Figure 2.

The effects of indigenous posttranscriptional modification of A2503 upon ermC induction. (A) The E-test analysis of erythromycin resistance of the E. coli cells that either do not carry the ermC gene (control) or carry a plasmid pErmCT with inducible ermC. The rlmN⁺ cells (wt) or rlmN⁻ cells (lacking posttranscriptional modification of A2503) were plated onto agar plates and overlaid with an E-strip containing a gradient of erythromycin concentration.
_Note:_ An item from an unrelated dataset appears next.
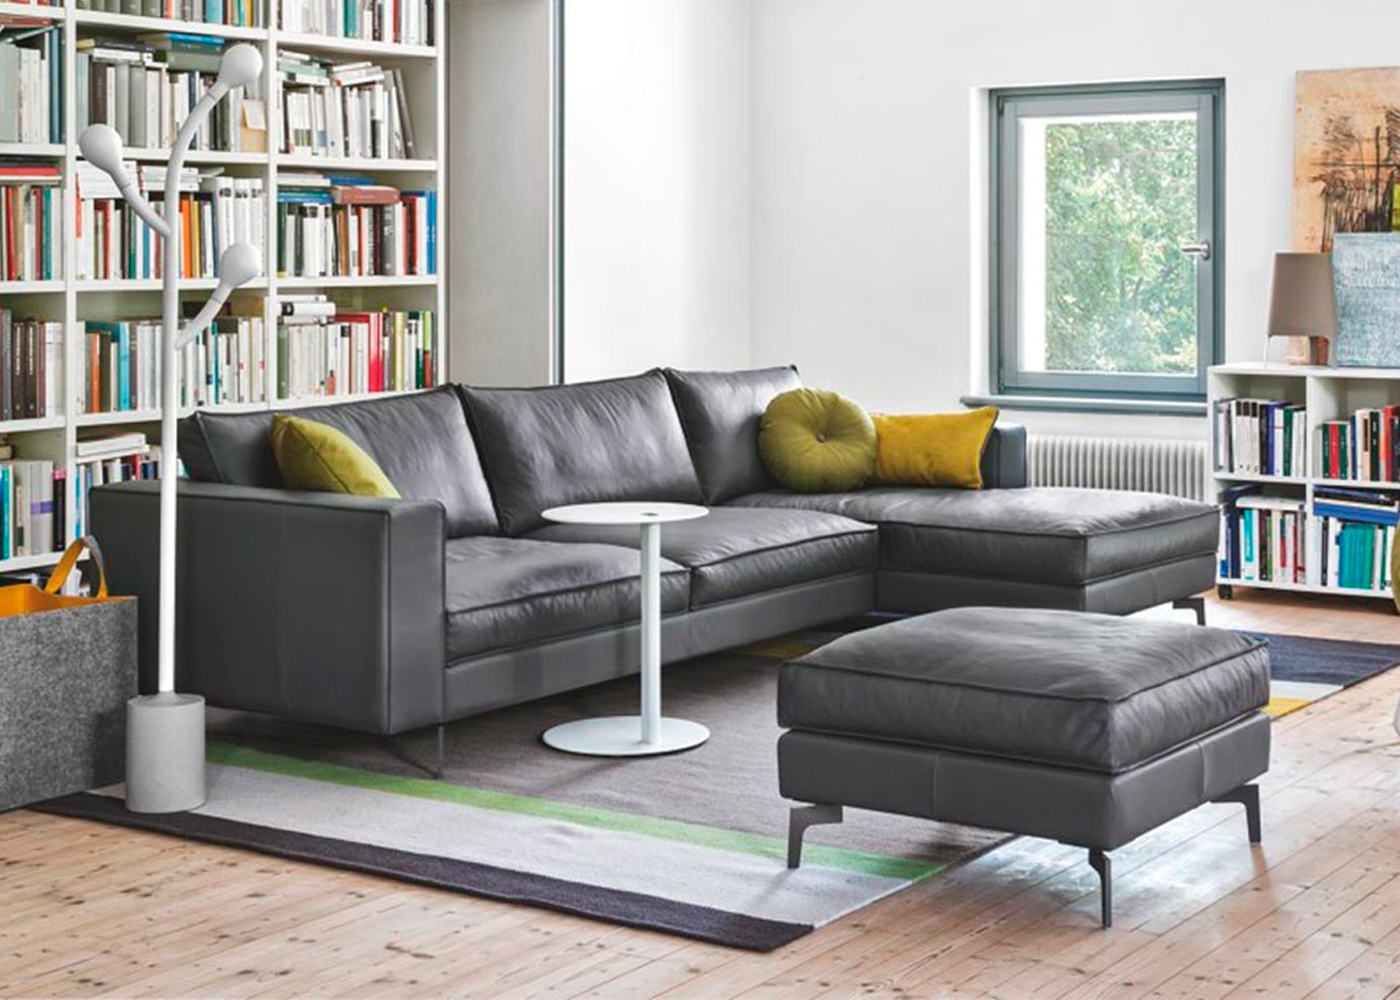 calligaris sofas uk sofa side table slide under square corner midfurn furniture superstore

Inhibition of cell growth is manifested as a clear zone around the strip (arrows). (B) Primer-extension analysis of the induction of 23S rRNA modification by ErmC upon exposure of cells to erythromycin. Exponential wild-type (W) or rlmN⁻ (Δ) cells carrying inducible ermC were induced with 32 μg/ml erythromycin, and the extent of ErmC-catalysed A2058 dimethylation in 23S rRNA at specified time points was analysed by primer extension. In the presence of ddGTP terminator, reverse transcriptase stops at the dimethylated A2058 but advances to C2055 when A2058 remains unmodified. (C) Quantification of the intensities of the primer-extension bands on the gel shown in (B), representing the fraction of the modified 23S rRNA.